# African Land Snail heating Q- use of thermostats?



## Skyespirit86 (Feb 23, 2008)

I found the snails in my tank all crowded at the cool end last night (the same day I had just got them off someone else), I put a thermostat on it and turned the temp down and they happily moved over to the hotter end. Therefore I can only assume the mat was too hot for them. It is under the glass tank and the heat has to travel through a layer of wet bark, and after putting a thermometer in there found that although I had set the thermostat to 80F it was barely making 70F. 

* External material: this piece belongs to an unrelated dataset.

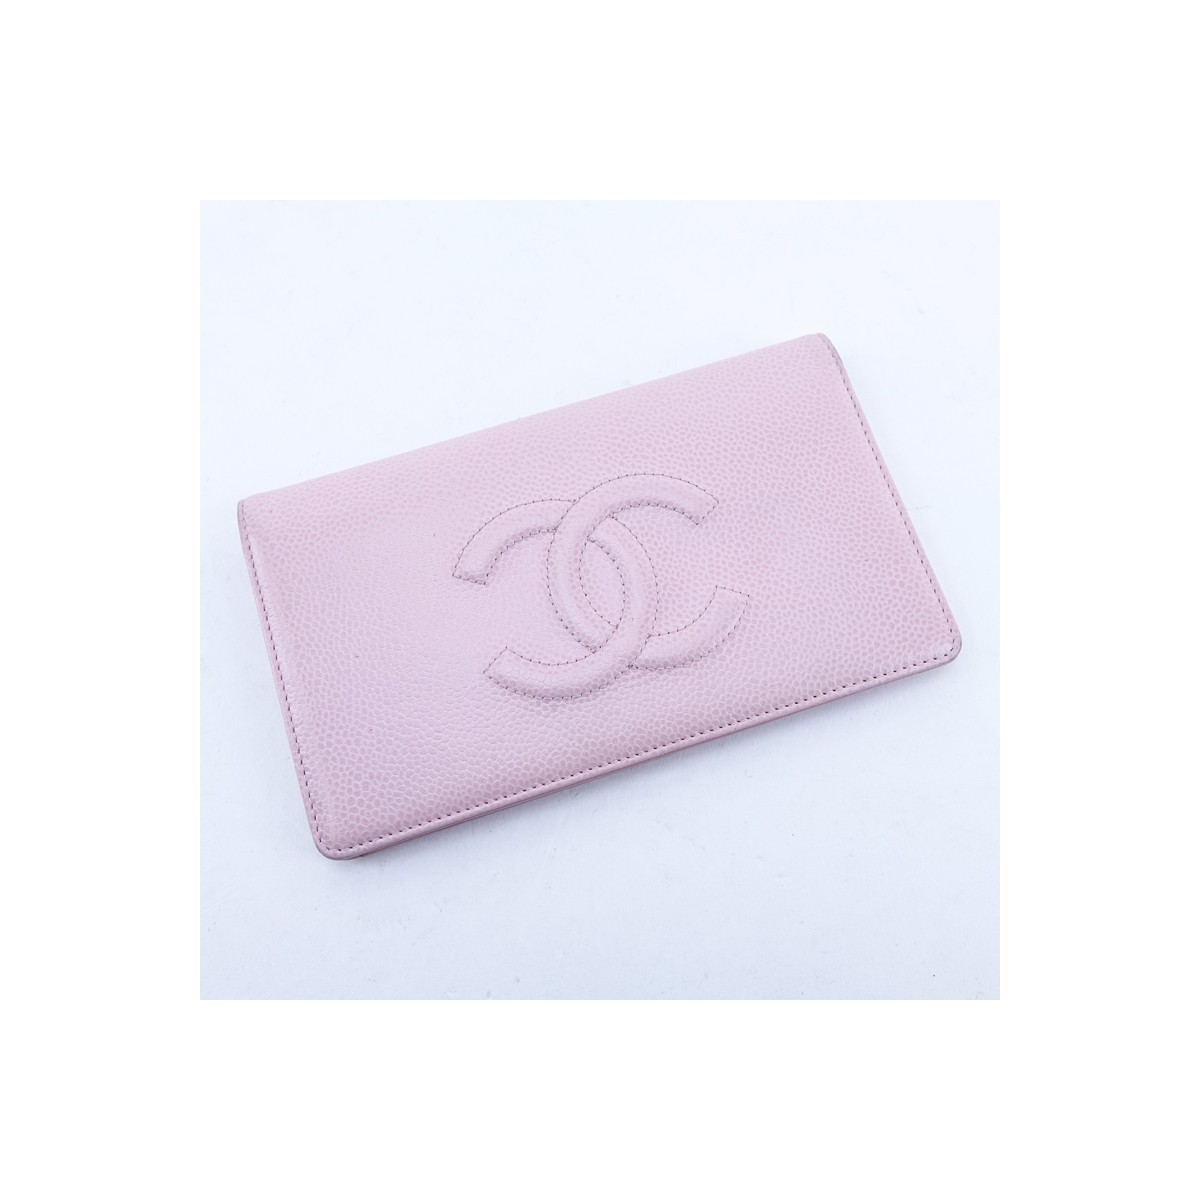 Chanel Pink Caviar Leather Front Logo Long Wallet. Interior with 8 slots, zippered change pocket.

I have come to conclusion that the thermostat only serves to prevent the mat getting too hot, but as for precise temperature control- it doesn't do a lot in a wet tank. I have taken the thermostat off since I have become fed up with constantly fiddling with it, and the temp on the dial being completely different to the temp in the tank. I have decided that it is unlikely the snails will suffer burns from a heat mat that becomes too hot- since they will move away, and the heat has to go through the wet substrate first. 

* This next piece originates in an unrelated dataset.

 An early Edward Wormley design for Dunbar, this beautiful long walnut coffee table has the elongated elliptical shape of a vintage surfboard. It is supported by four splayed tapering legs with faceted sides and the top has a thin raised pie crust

What is your opinion? The substrate is currently only an inch or two thick, if I made it deeper at the hot end would this help cool it enough for the snails to be comfortable? The trouble is the rest of the tank might not be hot enough if I turn the heat mat down or slide half of the mat out from the tank, it is just the floor that becomes uncomfortably warm. What about sticking the mat to the side of the tank? Oh I don't know!!!!:lol2::lol2::lol2::lol2:


----------



## SpiderGirl33 (Sep 2, 2007)

I don't use any heat for my snails, it's usually warm enough in my room for them. 
If you do use a heatmat and they are going to the cool end, then the heatmat is too hot. 
Have you tried putting anything between the heatmat and the tank to disperse the heat a bit so it doesn't get too hot in the tank?

I don't really know much about heat mats, but I know that snails don't really need it that warm. : victory:


----------